ABSTRACT

Being a university student, at whatever age and whether full or part-time, is very rarely an end in itself. It is a period of transitions, into the degree programme and out from it, usually into a workplace. It is a period of potential formation and transformation: recognising fresh possibilities; adapting identities; testing new ideas; making mistakes; and learning. All of these aspects of student life involve being active, interpreting opportunities and demands and responding to them, so that the person who leaves the programme has developed, to be in some way different from the person who entered it. In this chapter the theoretical resources I draw on are cultural-historical ideas on human learning and development in order to bring together the notion of active and agentic learners, involved in transitions as they make sense of the practices in higher education and prepare themselves for the practices of workplaces, with the implications of these moves for those who teach and guide them as learners.
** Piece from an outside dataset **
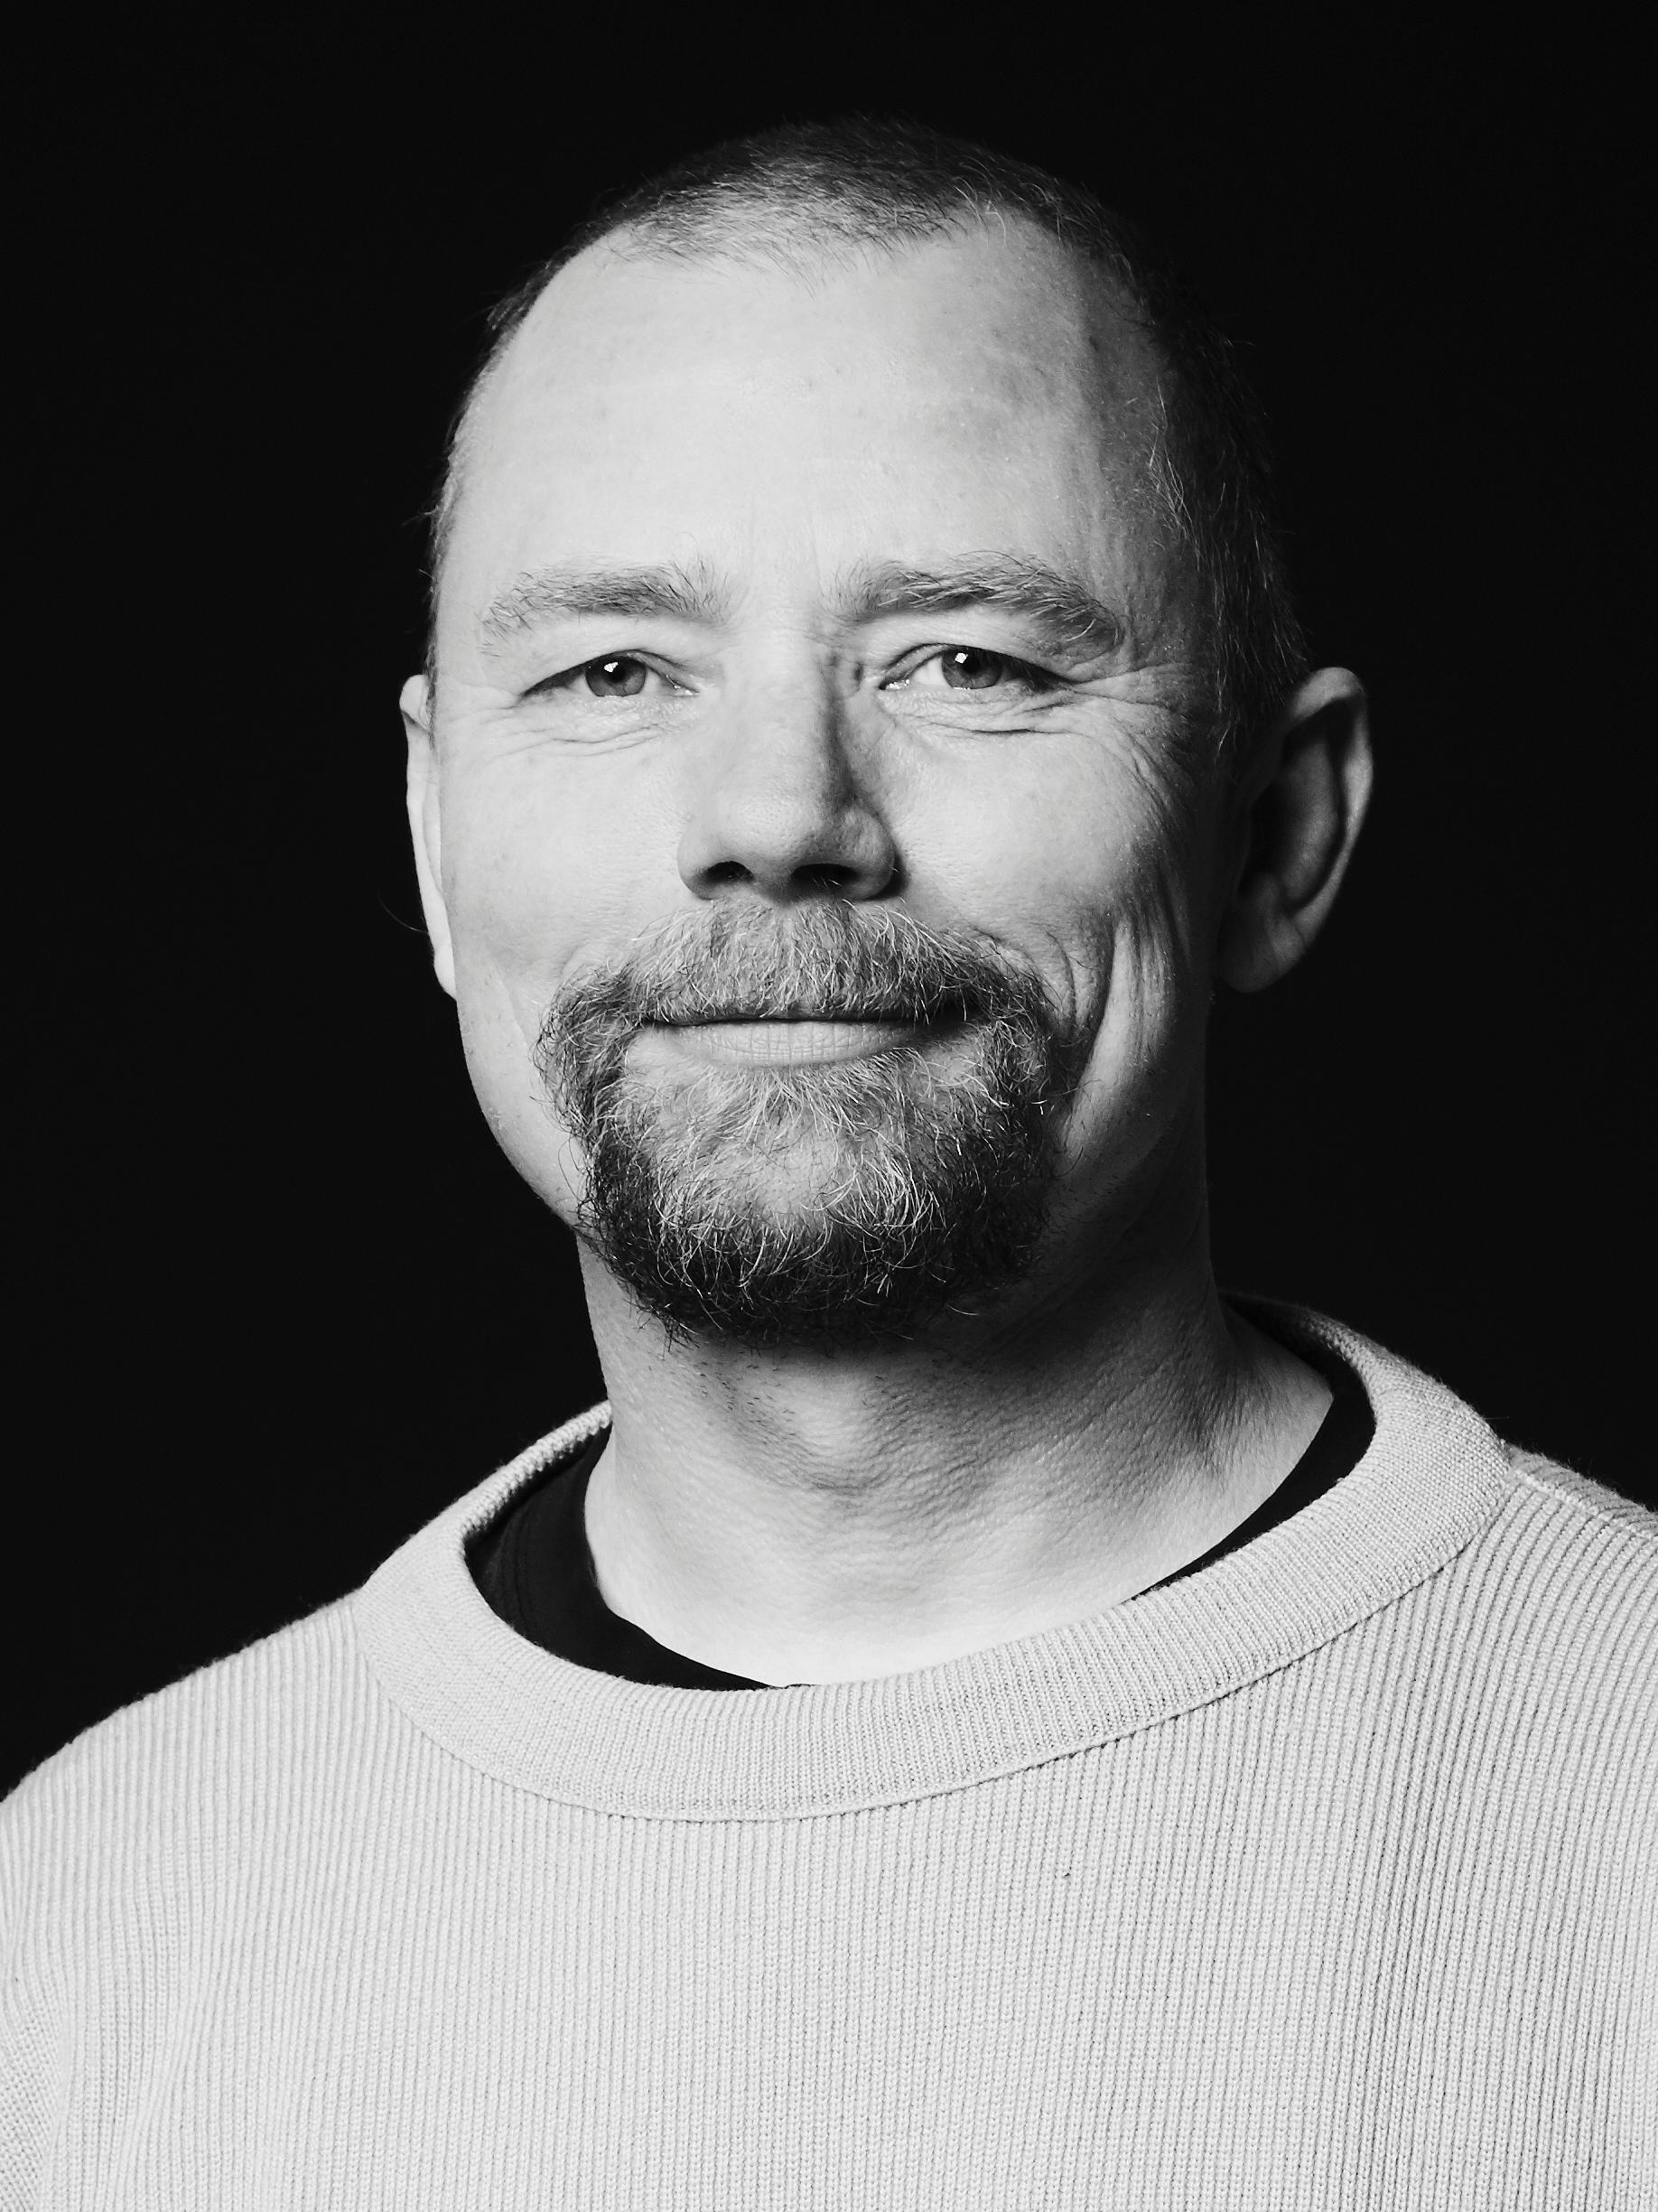 Niels Hannibal

The discussions that follow refl ect the approach to practice presented by Boud and Brew (Chapter 5), but their origins in cultural-historical theory mean that they focus particularly on the dynamic of agency and demand, as learners navigate different practices. My starting point, therefore, is that the aim of university teaching is to create agentic and critically self-regulating students who are able to take themselves forward as enquiring learners, both during the programme and after they have graduated. This holds true whether students are preparing themselves directly for professions such as medicine, social work or teaching, or are gearing up for further study. While in university they need to gain expertise in the knowledge practices of the disciplines they encounter, in doing so they learn to grasp and deploy key concepts while using the ways of testing and representing, which are valued in these disciplines and linked professions.